Bring up an ssh session on your Linux VM. Clone the course repository, create a Python virtual environment, activate it, and then install the packages for utilizing langchain with the different provider models. LangChain is a Python framework that enables developers to easily build applications across a range of language models.

git clone https://github.com/wu4f/cs410g-src
cd cs410g-src/01*
virtualenv -p python3 env
source env/bin/activate
pip install -r requirements.txt

Consider the program below that instantiates a model from a number of provider's, then calls the uniform invoke() method with a prompt to generate a completion. The invoke() call blocks until the entire response is generated before returning the result.

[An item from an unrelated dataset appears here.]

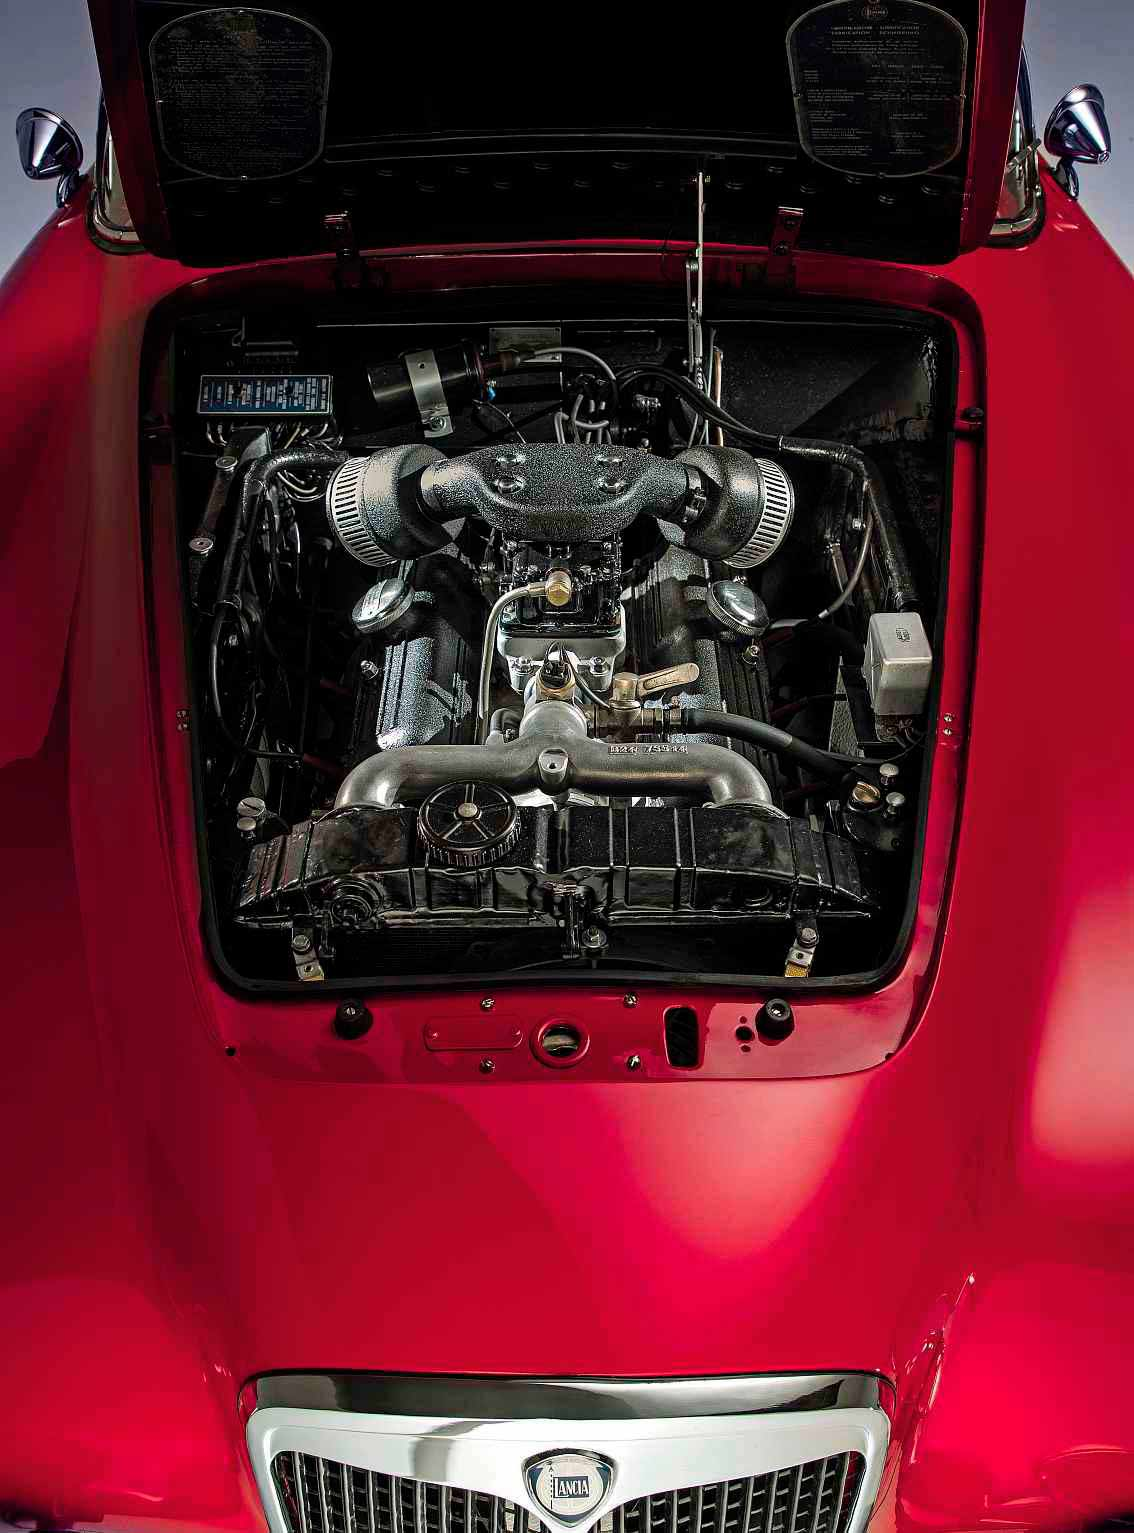 1955 Lancia Aurelia B24 America engine V6

from langchain_google_genai import ChatGoogleGenerativeAI
llm = ChatGoogleGenerativeAI(model="gemini-1.5-pro")
response = llm.invoke("Write me a haiku about Portland State University")
print(response)

from langchain_openai import ChatOpenAI
llm = ChatOpenAI(model="gpt-4o")
response = llm.invoke("Write me a haiku about Portland State University")
print(response)

from langchain_anthropic import ChatAnthropic
llm = ChatAnthropic(model="claude-3-opus-20240229")
response = llm.invoke("Write me a haiku about Portland State University")
print(response)

Ensure that all of the environment variables specifying API keys for each model provider has been set. Then, run the program and view the results each model returns.

python3 01_models.py

We can programmatically access our Ollama models from Python as well. If it is not still running, bring up your Ollama server for your project. Then, within the Compute Engine interface make a note of its external IP address (e.g. 35.230.93.16 below)

Consider the snippet below. It instantiates an Ollama model based on the name of a model that has been installed on the Ollama server (e.g. llama3) as well as the location of the API endpoint of the Ollama server as specified by the IP address in the base_url parameter.

from langchain_community.llms import Ollama
llm = Ollama( model="llama3", base_url="http://35.230.93.16:11434" )

With the model instantiated, instead of using a model's invoke() method as before, we can instead utilize its stream() method instead. This method returns results to the program as it is generated. As longer responses are produced, the model will pass back partial results in a generator that is iteratively output in the for loop.

for chunks in llm.stream("Write me a short story about a rabbit"):
    print(chunks,end="")

For this program, we wrap the execution of the model with a simple interactive shell that accepts input in a loop and sends it to the language model. The shell exits when a blank line is given.

while True:
    line = input("llm>> ")
    if line:
        for chunks in llm.stream(line):
            print(chunks,end="")
        print("")
    else:
        break

On your Linux VM, run the program below that implements a simple interactive shell for querying your Ollama server, supplying the IP address of your Ollama server and the model on the server you want to query as arguments. Test out the functionality of the models you've installed.

python3 02_ollama.py <OllamaIPAddress> <OllamaModel>

One of the benefits of LangChain is that it provides a unified interface for integrating models into an application. This allows one to plug-and-play different models and compare their behavior and performance for your application. One useful module in LangChain for doing so is the Model Laboratory. With this, one can instantiate a range of models and automatically run a given prompt across all of them, allowing one to analyze the results of each model. The snippet below shows an example using models pulled from HuggingFace, OpenAI, and Google.

from langchain.model_laboratory import ModelLaboratory
from langchain_community.llms import HuggingFaceHub, HuggingFaceEndpoint, Ollama
from langchain_google_genai import ChatGoogleGenerativeAI
from langchain_openai import ChatOpenAI
from langchain_anthropic import ChatAnthropic

llms = [
#    To instantiate an Ollama level
#    Ollama( model="llama2", base_url="http://w.x.y.z:11434"),
    HuggingFaceEndpoint(repo_id="mistralai/Mistral-7B-Instruct-v0.2"),
    HuggingFaceHub(repo_id="google/gemma-2b"),
    ChatOpenAI(model='gpt-4o'),
    ChatGoogleGenerativeAI(model="gemini-1.5-pro"),
    ChatAnthropic(model="claude-3-sonnet-20240229"),
]
model_lab = ModelLaboratory.from_llms(llms)

model_lab.compare("Who is the president of the United States?")

Examine the program provided in the repository that iteratively queries a set of LLMs with your prompts. Edit the file to only include the ones you want to compare, then run the program and examine how the models compare across a variety of prompts.